At IBM, we have been working with clients across various industries to help them successfully modernize their call center operations by improving deflection rates and customer self-service with powerful AI voice assistants. With the help of IBM Consulting® and the IBM watsonx™ Assistant conversational AI solution, the State of New Jersey now handles an average of 6,200 calls and 800 call center hours a month through its AI voice assistant. The AI voice assistant helps these citizens get answers and support for aid over the phone.
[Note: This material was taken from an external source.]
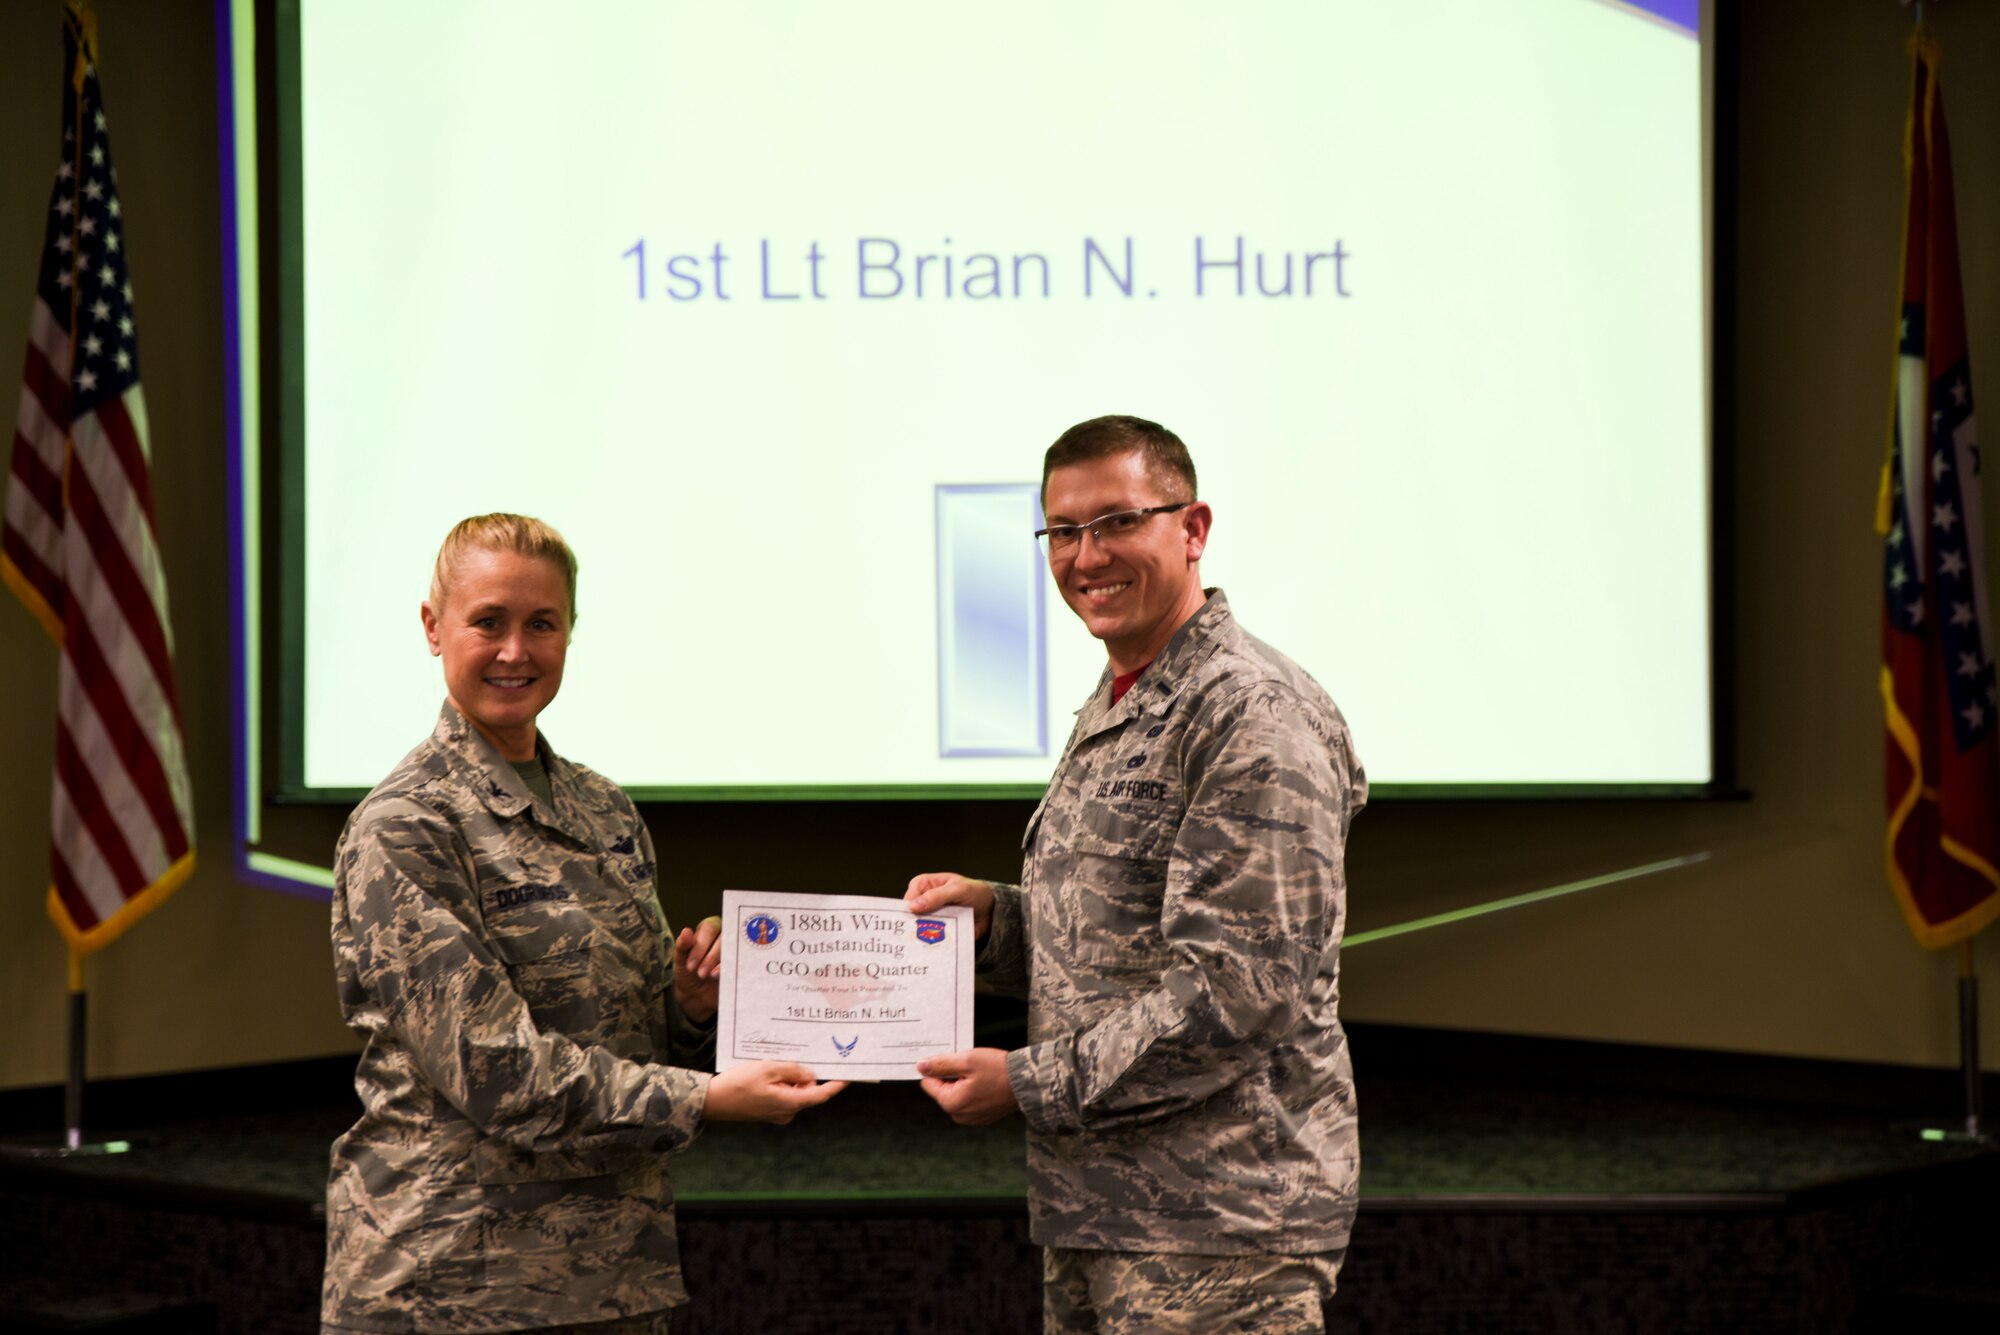 1st Lt. Brian Hurt is presented the certificate for his selection as the Company Grade Officer of the Quarter by Col. Bobbi Doorenbos, 188th Wing Commander, during a commander's call held Dec. 5, 2015. Nineteen Airmen of the Quarter nominees were recognized for their exceptional service to the wing during the last quarter that distinguished themselves among their peers in the 188th. Winners were selected in the Airman, Noncommissioned Officer, Senior NCO, Company Grade Officer and Field Grade Officer categories. (U.S. Air National Guard photo by Capt. Holli Nelson/released)

IBM continues to work with clients globally to deliver tailored solutions that can take their customer service to the next level. Today, we are excited to introduce a new set of generative AI features that are poised to deliver enhanced call center experiences over the phone with AI voice assistants that are intuitive, expressive and sound eerily similar to a human agent. These features provide seamless support to live agents with insights and automated, optimized workflows.

Introducing IBM watsonx large speech models now available to users

With the rise of ChatGPT in the last year, we have seen generative AI take off for chat-based experiences in a big way, using large language models (LLMs) that span an insurmountable number of topics. But what about voice? Businesses are now adopting a new form of technology designed to enhance speech recognition for AI voice assistants: Large speech models or LSMs. An LSM is an advanced artificial intelligence model designed to understand, process and generate human speech with high accuracy.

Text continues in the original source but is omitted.